Выбрать главу

Позже, в горацианской оде (!) Пушкина «Я памятник себе воздвиг нерукотворный…», появится парадокс, который будет мучить своей кажущейся неразрешимостью даже таких крупных филологов, как С. М. Бонди: первая строфа завершится словами о том, что нерукотворный (т. е. не из меди, не из серебра, не из золота!) памятник «Вознесся выше… главою непокорной // Александрийского столпа», а последняя откроется призывом: «Веленью божию, о муза, будь послушна…» Мыслимо ли сочетать непокорность и послушание? Да, если непокорность земным кумирам станет следствием послушания небесному призванию певца. И впервые этот мотив отчетливо оформляется именно в набросках «Медного Всадника»:

[Таков поэт…] [Угрюм и нем] [Перед кумирами земными] [Исполнен мыслями (?) святыми <?>] [Проходит он] Встревожен чувствами иными

Тут есть внутренний ответ и Евгению, который «пред горделивым истуканом» проходит, исполнен мыслями, отнюдь не святыми («как обуянный силой черной»). Но прежде всего пафос этого наброска направлен против того, о ком во второй половине второй части — с помощью очередного одизма — сказано:

И прямо в темной вышине Над огражденною скалою Кумир с простертою рукою Сидел на бронзовом коне. «Здесь дан негатив одической традиции»[31].

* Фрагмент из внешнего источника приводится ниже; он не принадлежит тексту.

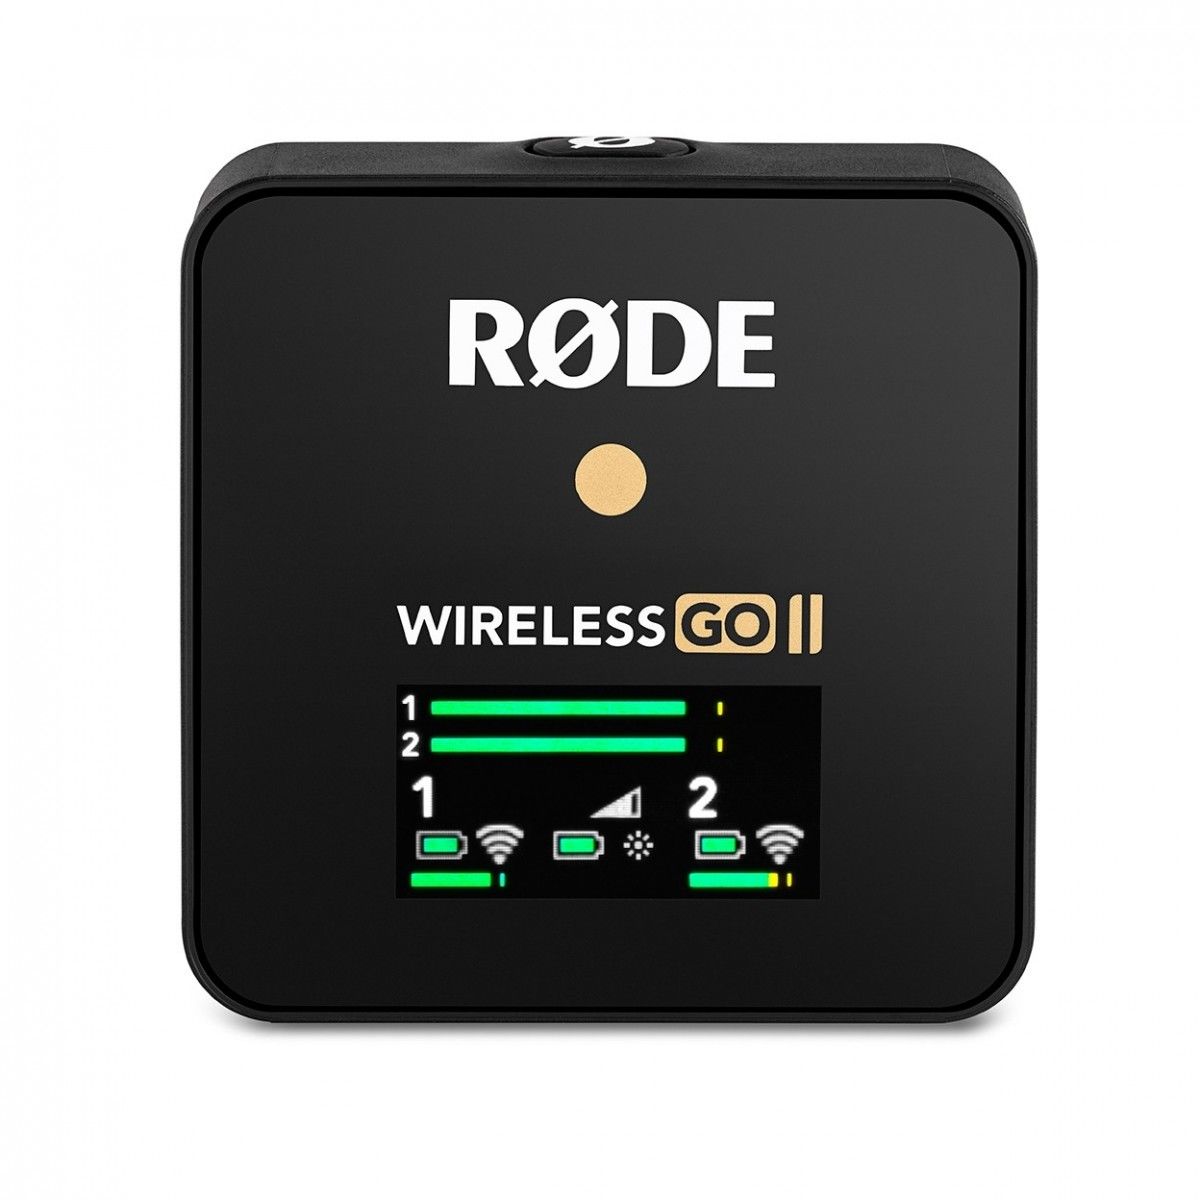  RODE Wireless GO II

Чем тревожнее становится атмосфера повести, чем ближе ее сюжет к развязке, тем чаще отголоски одической традиции проникают в авторскую интонацию; периоды смены жанровых тональностей резко сокращаются; жанровый пульс повести лихорадочно учащается. Уже через пять стихов после рассказа об ужасной судьбе Евгения рождаются торжественные и одновременно ироничные строки: герой видит

И львов, и площадь, и Того, Кто неподвижно возвышался Во мраке медною главой, Того, чьей волей роковой Под морем город основался… Ужасен он в окрестной мгле! Какая дума на челе! Какая сила в нем сокрыта! А в сем коне какой огонь! Куда ты скачешь, гордый конь, И где опустишь ты копыта? О мощный властелин судьбы! Не так ли ты над самой бездной, На высоте, уздой железной Россию поднял на дыбы?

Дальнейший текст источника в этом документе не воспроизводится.